Novartis today revealed encouraging top-line results from the pre-specified interim analysis of the Phase III APPLAUSE-IgAN study (NCT04578834) at 9 months. Iptacopan, an investigational factor B inhibitor targeting the alternative complement pathway, demonstrated superiority versus placebo in proteinuria (protein in urine) reduction and provided a clinically meaningful and highly statistically significant proteinuria reduction on top of supportive care in patients with IgA nephropathy (IgAN), a complement-mediated disease.
The safety profile of iptacopan (200 mg twice daily) in the research was similar with previously reported data. The study will continue in a double-blind method to assess iptacopan’s capacity to decrease IgAN progression by monitoring eGFR slope over 24 months – the primary endpoint at the study’s conclusion, with topline results expected in 2025.
Expected US Filing
Novartis is expected to file for accelerated approval of Iptacopan in H1 2024
Expert opinion on Positive Phase III Results of Iptacopan in Proteinuria Reduction:
“These positive data from the Phase III APPLAUSE study reinforce the potential of iptacopan to provide clinically meaningful benefit to patients with IgAN, a debilitating disease that affects mostly young adults,” said Shreeram Aradhye, M.D., President, Development and Chief Medical Officer, Novartis. “We are excited about this milestone in the development of our factor B inhibitor of the alternative complement pathway and remain focused on further advancing our portfolio of renal programs through pivotal trials.”
IgA nephropathy (IgAN) and Unmet Need:
Each year, it is anticipated that roughly 25 persons per million are newly diagnosed with IgAN. Within 10 years, up to 30% of persons with IgAN who have chronic higher levels of proteinuria (1 g/day) may develop renal failure.
IgAN is caused by an autoimmune response to an aberrant type of IgA, which results in the development of immune complexes that deposit in the kidney.

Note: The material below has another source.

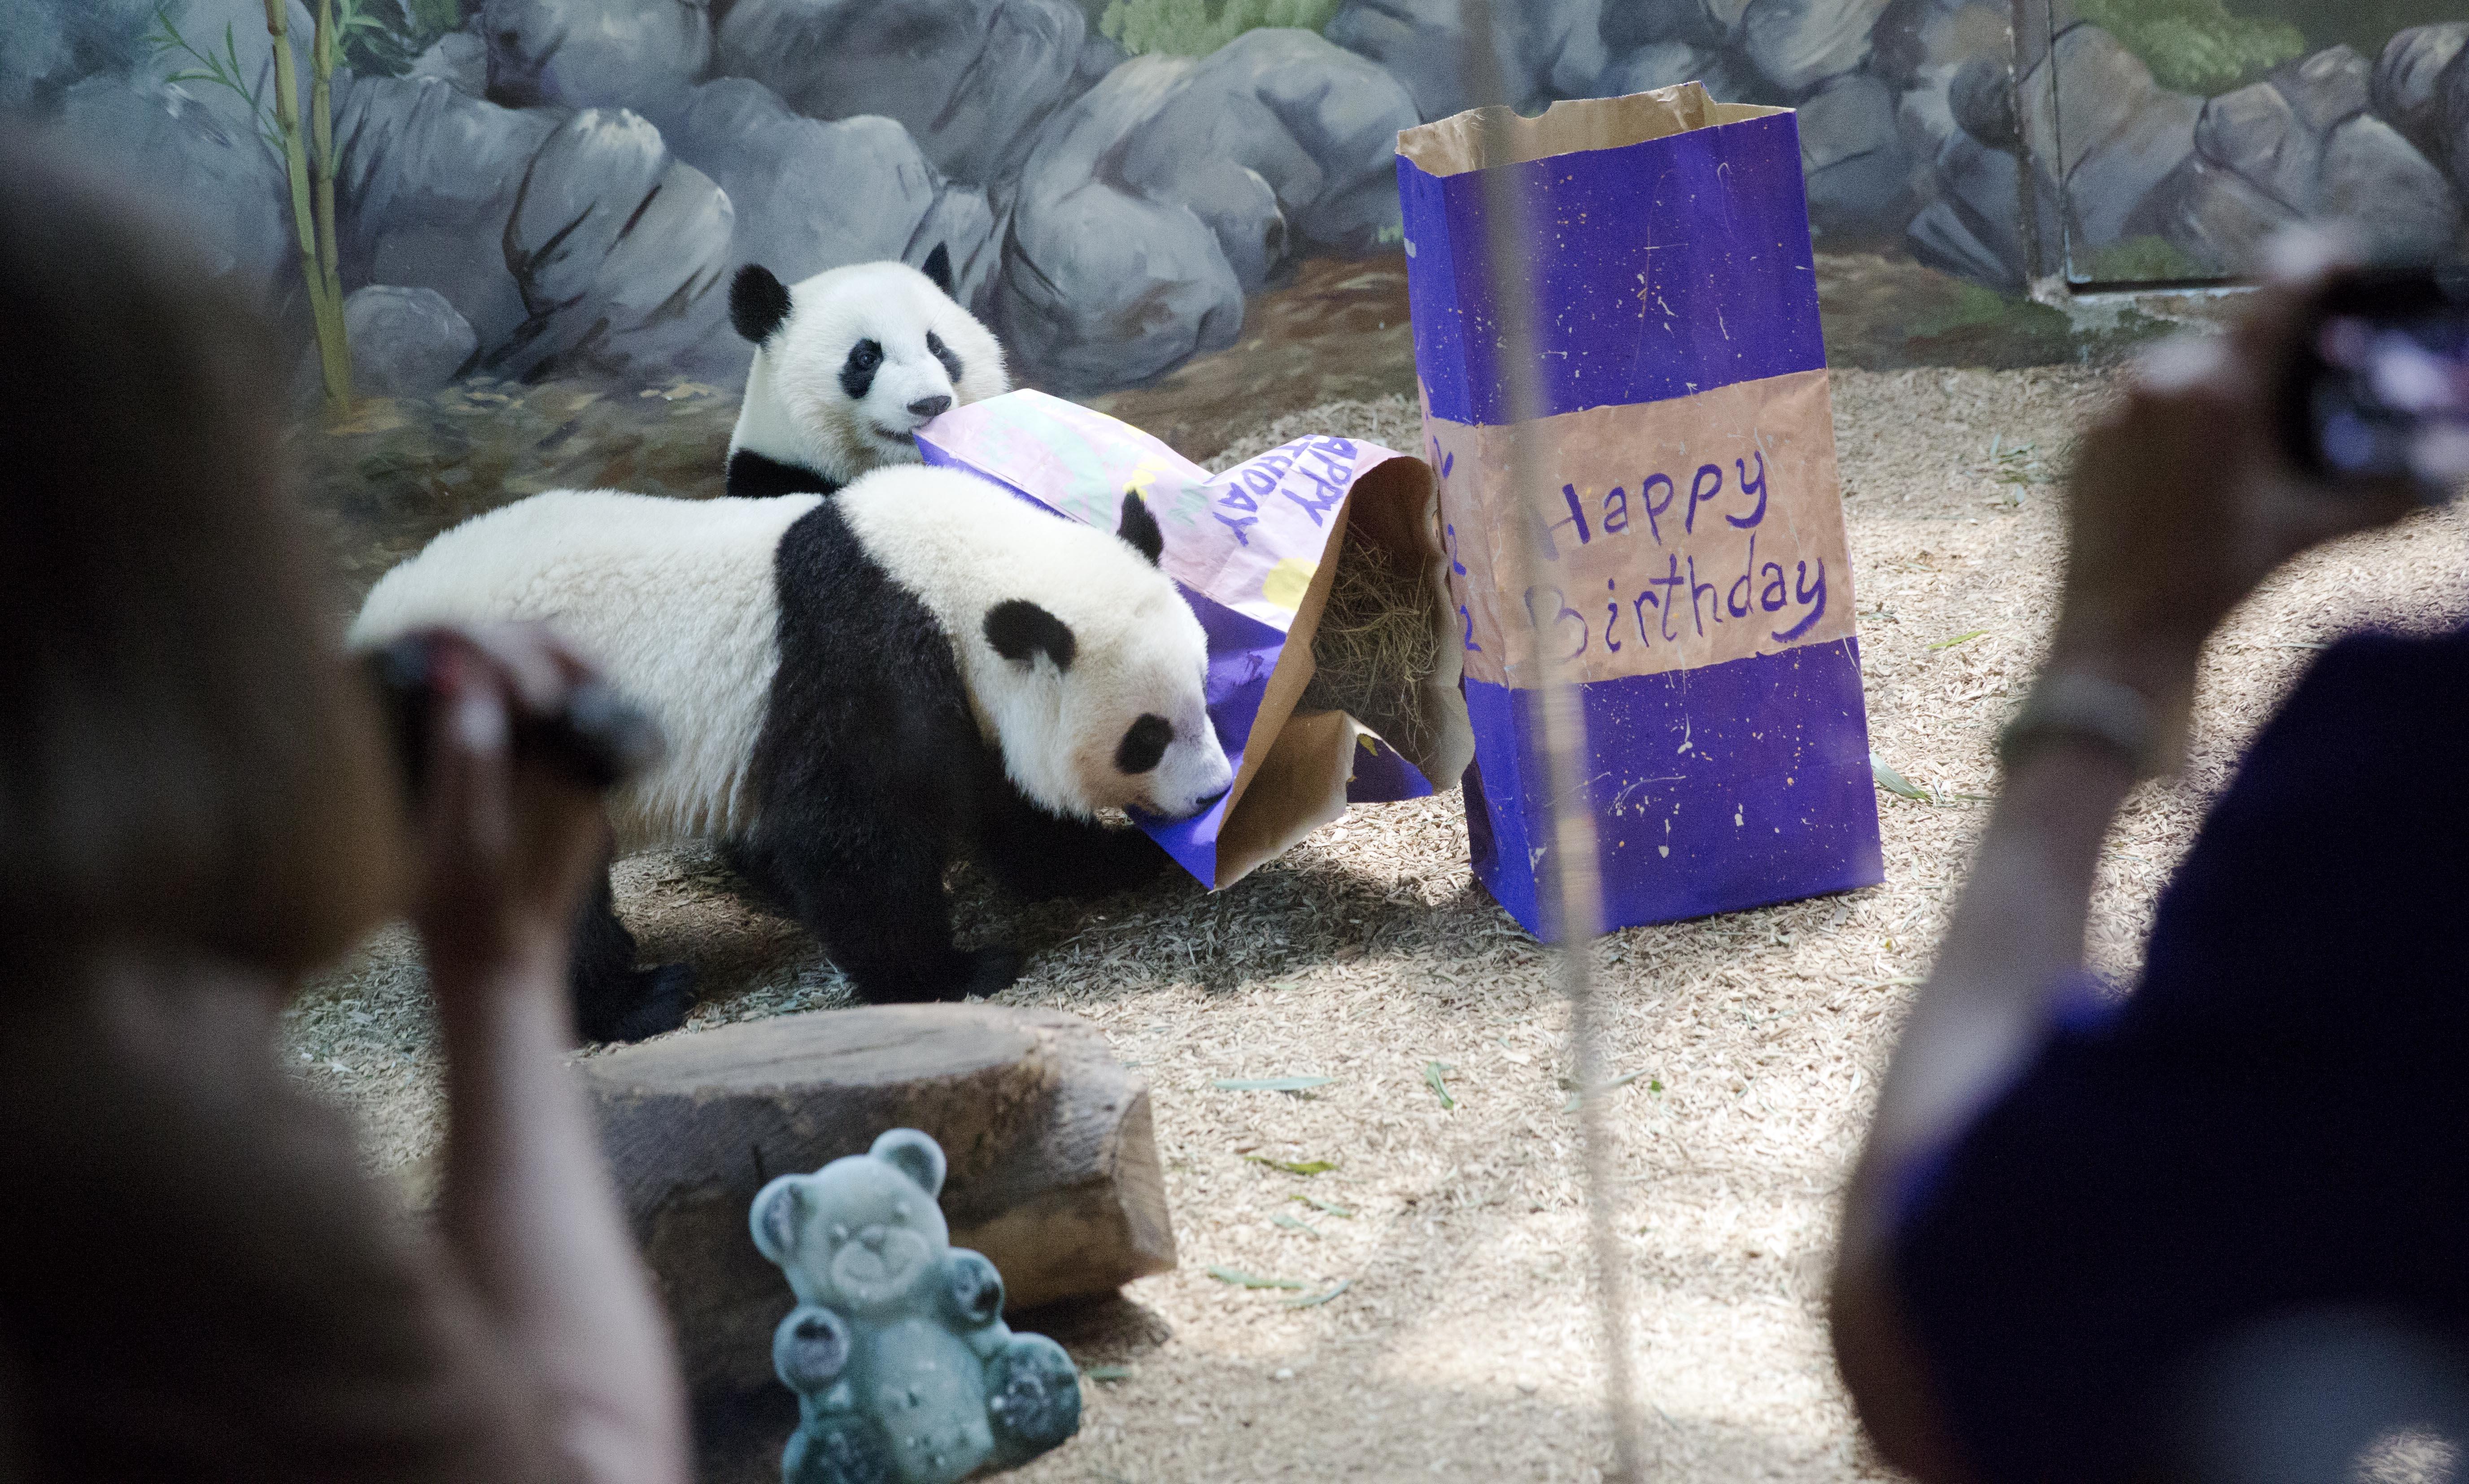 american born panda twins slow in adapting to culture

These immunological complexes cause an inflammatory response, resulting in gradual kidney damage and kidney function loss.
Within 10 years, up to 30% of persons with IgAN who have chronic higher levels of proteinuria (1 g/day) may develop renal failure
There is a need for effective, targeted therapies for IgAN that slow or prevent progression to kidney failure. Although current supportive care and treatment can help, they don’t address a key pathogenic step in the progression of IgAN: activation of the complement system.
About Iptacopan:
Iptacopan is a proximal complement inhibitor that is taken orally and inhibits the alternative complement pathway by binding to factor B.
Novartis discovered and developed iptacopan, which intends to treat IgAN and other complement-mediated illnesses by blocking factor B, a protease required for the alternative complement pathway.
Iptacopan, discovered at Novartis Biomedical Research, is currently being developed for a variety of complement-mediated diseases, including PNH, IgAN, C3 glomerulopathy (C3G), immune complex membranoproliferative glomerulonephritis (IC-MPGN), and atypical hemolytic uremic syndrome (aHUS).
Clinical Trials of Iptacopan in multiple complement-mediated diseases:
Following promising Phase III results in paroxysmal nocturnal hemoglobinuria (APPLY-PNH [NCT04558918] and APPOINT-PNH [NCT04558918]), regulators are reviewing iptacopan. Iptacopan is also being studied in Phase III clinical trials for C3 glomerulopathy (APPEAR-C3G [NCT04817618]), atypical hemolytic uremic syndrome (APPELHUS [NCT04889430]), and immune complex membranoproliferative glomerulonephritis (APPARENT [NCT05755386]).
Iptacopan Designations:
Iptacopan has received FDA Breakthrough Therapy Designation in PNH, FDA Breakthrough Therapy Designation in C3G, orphan drug designations from the FDA and EMA in PNH and C3G, EMA PRIME designation for C3G, and EMA orphan drug designation in IgAN based on disease prevalence, unmet needs, and data from Phase II studies.
| S.No | Indication | Region | Designation |
|---|---|---|---|
| 1 | paroxysmal nocturnal hemoglobinuria (PNH) | US | FDA Breakthrough Therapy Designation |
| 2 | C3 glomerulopathy (C3G) | US | FDA Breakthrough Therapy Designation, orphan drug designations |
| 3 | paroxysmal nocturnal hemoglobinuria (PNH) | US | orphan drug designations |
| 4 | paroxysmal nocturnal hemoglobinuria (PNH) | EU | orphan drug designations |
| 5 | C3 glomerulopathy (C3G) | EU | orphan drug designations, PRIME designation |
| 6 | IgA nephropathy (IgAN) | EU | orphan drug designations |
The recent acquisition of Chinook Therapeutics strengthens Novartis’ renal portfolio with two more late-stage IgAN therapies under development, supplementing the existing pipeline.
Novartis intends to submit for possible accelerated approval with the FDA in H1 2024.